▶ [STORED DATA]
'''

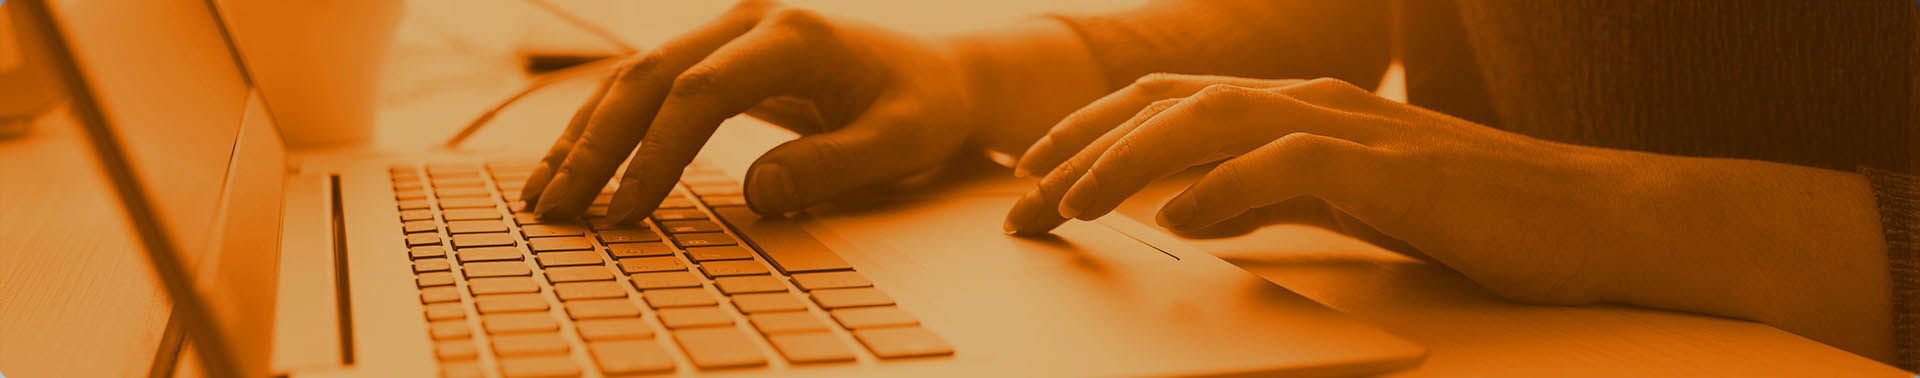 Hands shown typing on a laptop computer
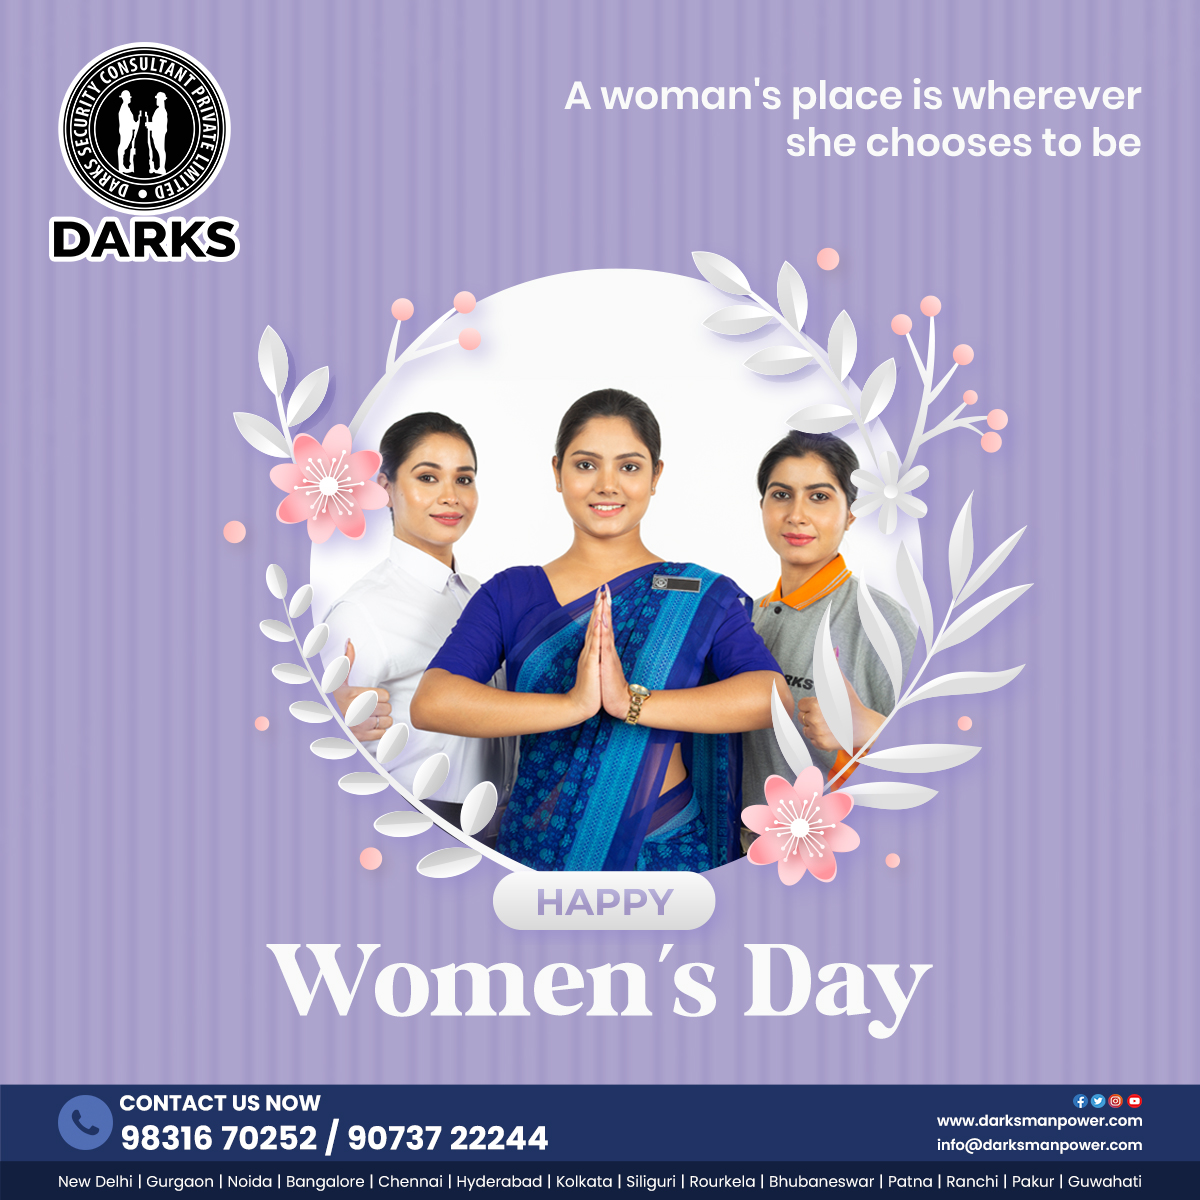 Promoting the Shakti, the divine power which protects and nourishes all the beings from adversities. Happy Women's Day from Darks Manpower.

#WomensDay2024 #happywomensday❤️ #women #womensupportingwomen #HappyWomensMonth #darksmanpower
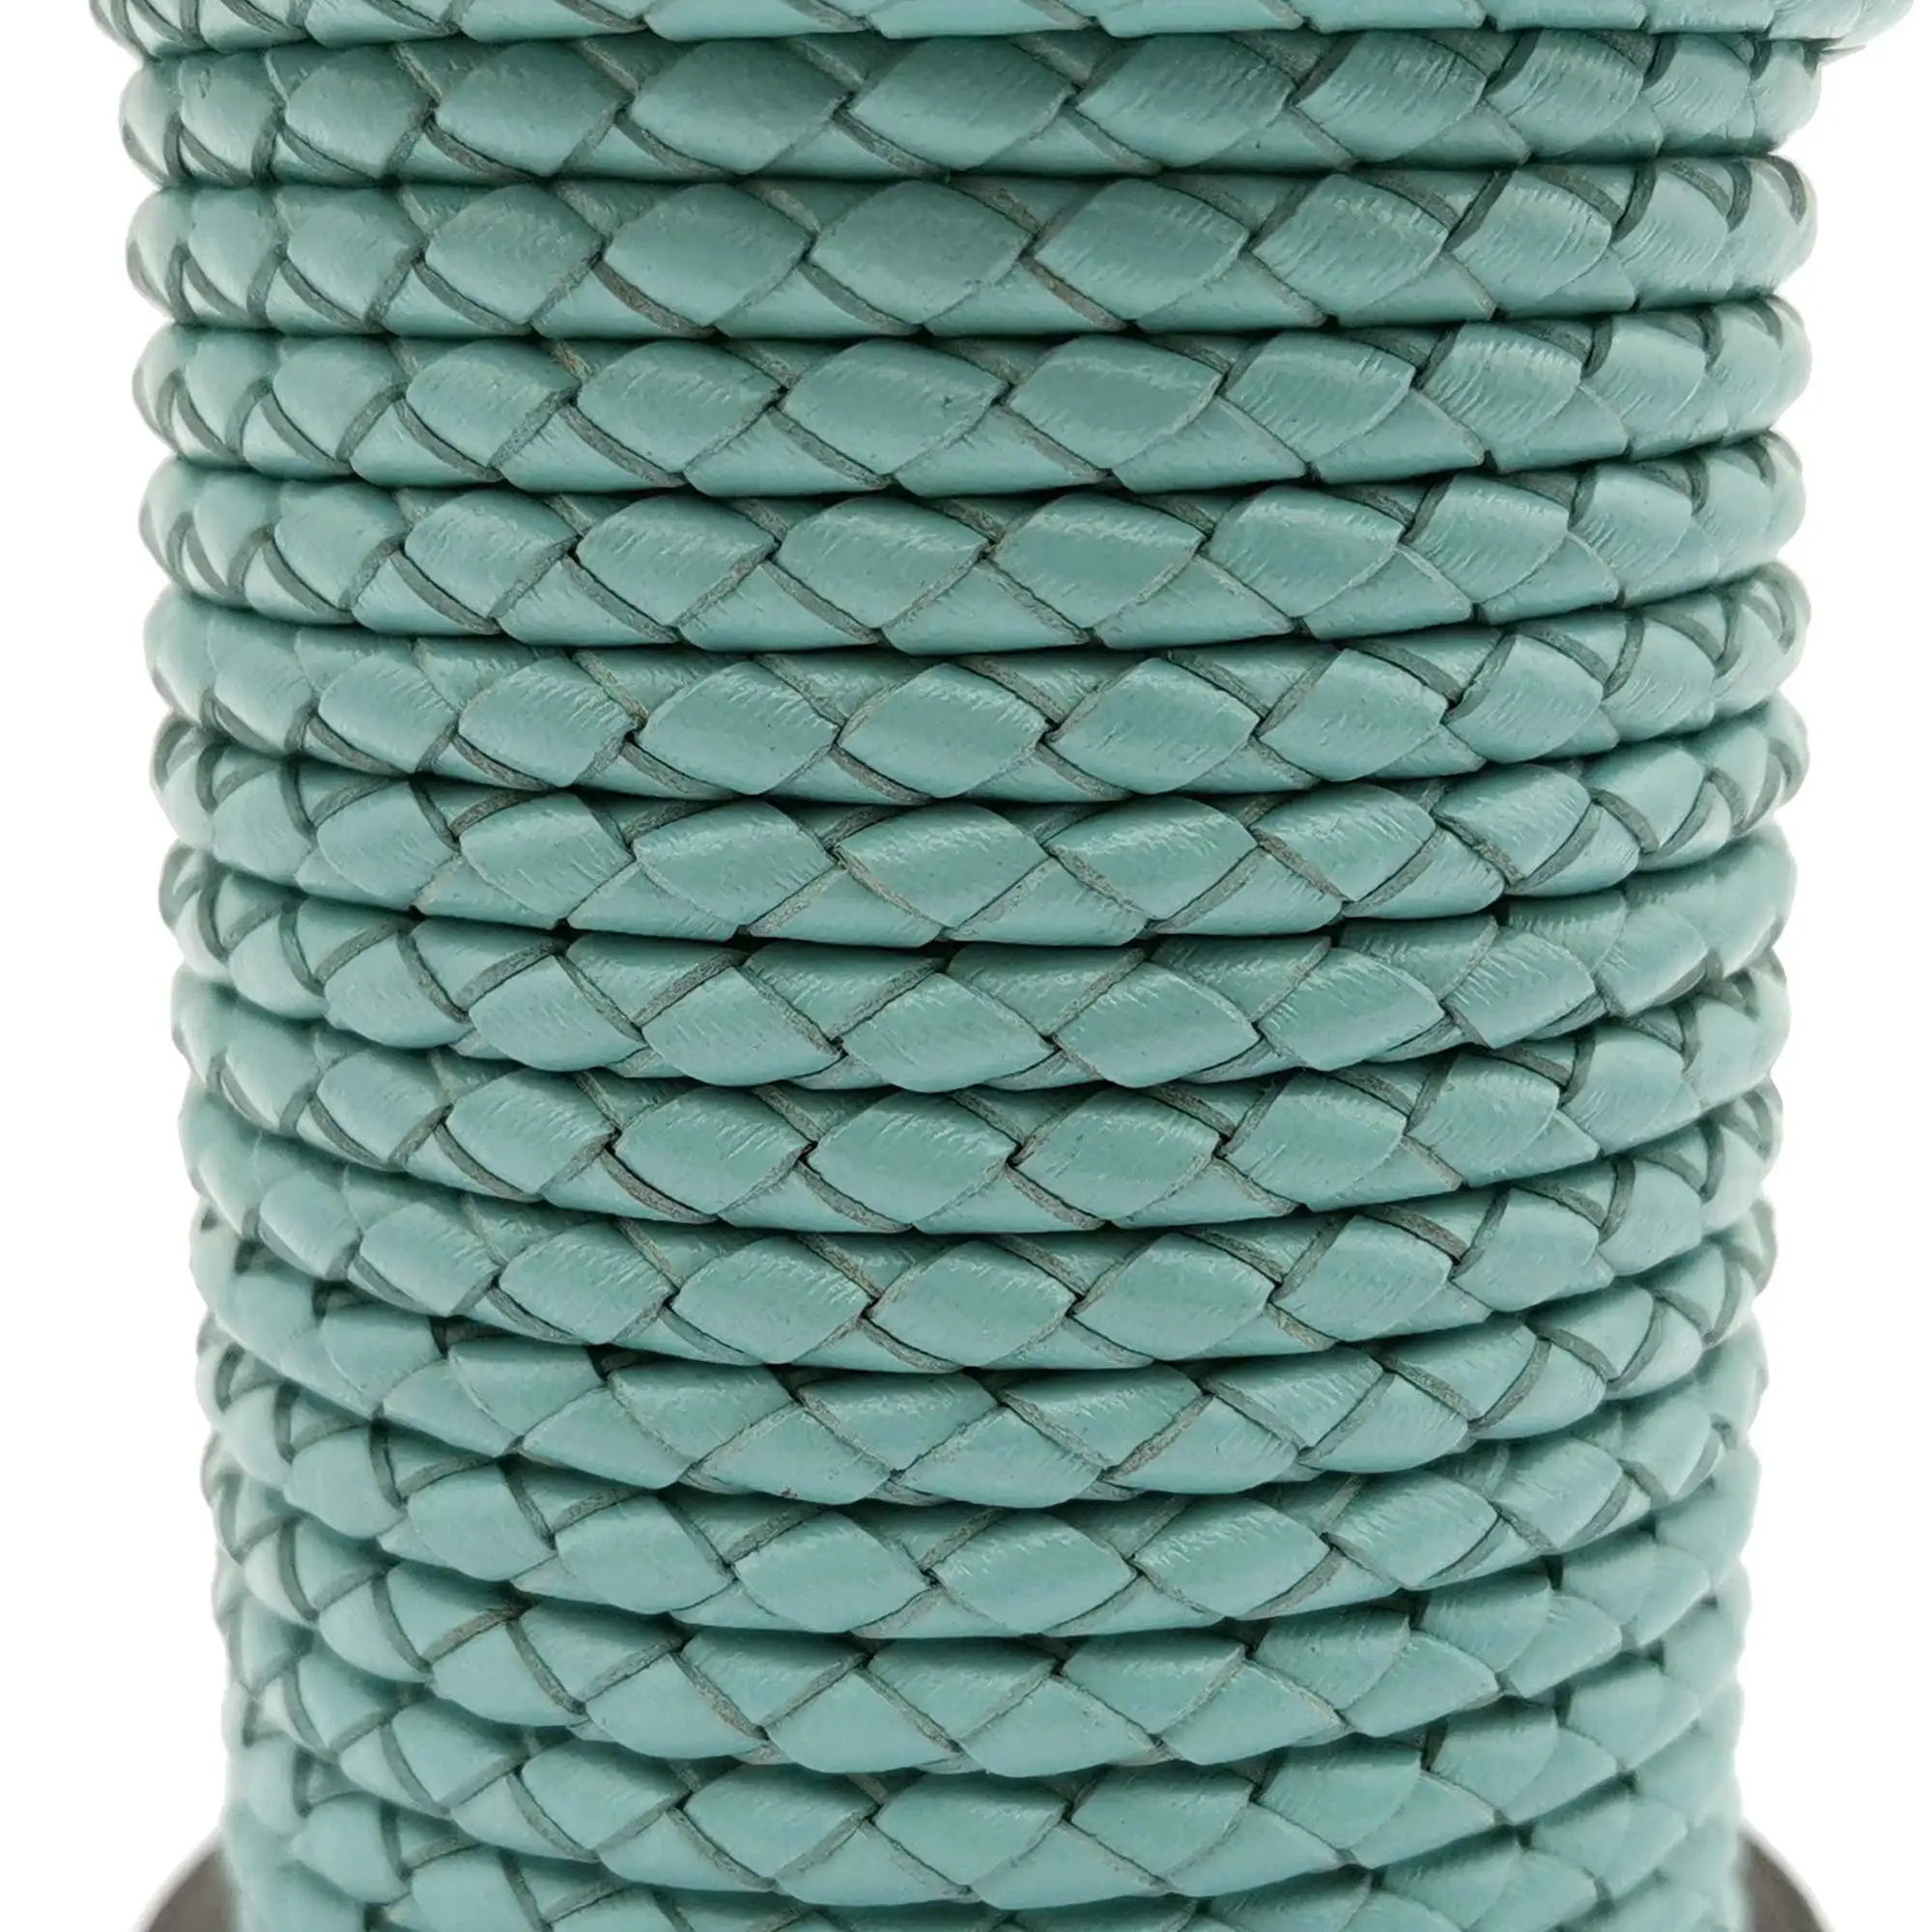 

5 Yards 4mm Baby Blue Braided Leather Cords Woven Folded Genuine Strap Jewelry Making Bolos Tie

'''

Could you retype each line of the material above exactly, skipping the pictures?

▶ [SOLVED EXERCISE]
 Hands shown typing on a laptop computer
 Promoting the Shakti, the divine power which protects and nourishes all the beings from adversities. Happy Women's Day from Darks Manpower.

#WomensDay2024 #happywomensday❤️ #women #womensupportingwomen #HappyWomensMonth #darksmanpower

5 Yards 4mm Baby Blue Braided Leather Cords Woven Folded Genuine Strap Jewelry Making Bolos Tie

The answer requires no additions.